• _PROBLEM DESCRIPTION_
From the line holding "Trustee Program - Winter" to the final line of the entries, set down each line exactly, including both, and nothing more.

------------

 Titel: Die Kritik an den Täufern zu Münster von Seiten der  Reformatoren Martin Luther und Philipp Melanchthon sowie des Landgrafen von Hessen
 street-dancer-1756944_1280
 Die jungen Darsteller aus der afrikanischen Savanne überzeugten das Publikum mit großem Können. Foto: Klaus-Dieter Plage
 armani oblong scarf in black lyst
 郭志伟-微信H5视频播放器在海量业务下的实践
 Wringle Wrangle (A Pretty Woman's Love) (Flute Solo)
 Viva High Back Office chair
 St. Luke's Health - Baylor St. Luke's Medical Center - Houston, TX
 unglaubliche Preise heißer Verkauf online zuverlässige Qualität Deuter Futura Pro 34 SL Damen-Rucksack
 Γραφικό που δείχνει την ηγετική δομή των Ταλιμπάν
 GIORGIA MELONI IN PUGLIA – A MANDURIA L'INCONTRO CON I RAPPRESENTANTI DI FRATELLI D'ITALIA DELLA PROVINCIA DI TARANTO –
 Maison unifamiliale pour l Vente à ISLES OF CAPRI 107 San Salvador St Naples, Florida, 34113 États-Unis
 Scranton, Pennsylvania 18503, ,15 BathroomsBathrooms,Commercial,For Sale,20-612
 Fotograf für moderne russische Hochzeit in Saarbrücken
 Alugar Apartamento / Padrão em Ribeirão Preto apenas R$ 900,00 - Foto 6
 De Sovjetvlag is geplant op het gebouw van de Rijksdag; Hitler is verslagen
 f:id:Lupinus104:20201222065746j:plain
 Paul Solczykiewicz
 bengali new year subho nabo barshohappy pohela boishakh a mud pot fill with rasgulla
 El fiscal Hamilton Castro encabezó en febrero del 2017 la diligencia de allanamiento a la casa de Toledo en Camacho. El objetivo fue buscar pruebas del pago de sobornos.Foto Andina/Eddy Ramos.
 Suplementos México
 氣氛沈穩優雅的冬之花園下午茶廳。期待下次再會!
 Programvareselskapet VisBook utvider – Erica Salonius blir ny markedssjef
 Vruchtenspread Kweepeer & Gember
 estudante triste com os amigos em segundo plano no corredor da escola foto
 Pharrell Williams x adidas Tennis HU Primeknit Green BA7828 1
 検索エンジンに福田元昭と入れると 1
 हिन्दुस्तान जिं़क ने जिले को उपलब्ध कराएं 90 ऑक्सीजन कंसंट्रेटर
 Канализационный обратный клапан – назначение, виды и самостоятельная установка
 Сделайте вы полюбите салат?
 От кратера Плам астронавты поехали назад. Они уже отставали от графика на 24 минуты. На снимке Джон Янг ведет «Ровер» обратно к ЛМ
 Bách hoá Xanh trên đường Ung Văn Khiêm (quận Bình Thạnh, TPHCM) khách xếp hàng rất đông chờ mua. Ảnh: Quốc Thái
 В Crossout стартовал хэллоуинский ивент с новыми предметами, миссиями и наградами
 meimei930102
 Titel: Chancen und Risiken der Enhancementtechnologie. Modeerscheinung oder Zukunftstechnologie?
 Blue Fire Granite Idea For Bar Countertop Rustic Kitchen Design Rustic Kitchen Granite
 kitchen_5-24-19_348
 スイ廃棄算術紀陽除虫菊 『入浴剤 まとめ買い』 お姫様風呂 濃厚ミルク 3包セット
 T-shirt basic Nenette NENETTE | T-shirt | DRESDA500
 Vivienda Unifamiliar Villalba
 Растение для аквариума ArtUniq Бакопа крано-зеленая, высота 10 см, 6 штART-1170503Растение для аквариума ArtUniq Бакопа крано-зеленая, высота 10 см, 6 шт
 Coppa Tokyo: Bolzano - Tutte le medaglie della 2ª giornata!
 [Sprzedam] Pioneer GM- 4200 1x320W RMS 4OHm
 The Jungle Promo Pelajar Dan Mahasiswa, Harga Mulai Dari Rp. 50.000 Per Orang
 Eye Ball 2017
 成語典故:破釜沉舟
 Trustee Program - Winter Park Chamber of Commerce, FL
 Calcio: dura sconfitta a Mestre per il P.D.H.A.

------------

• _EXERCISE ANSWER_
 Trustee Program - Winter Park Chamber of Commerce, FL
 Calcio: dura sconfitta a Mestre per il P.D.H.A.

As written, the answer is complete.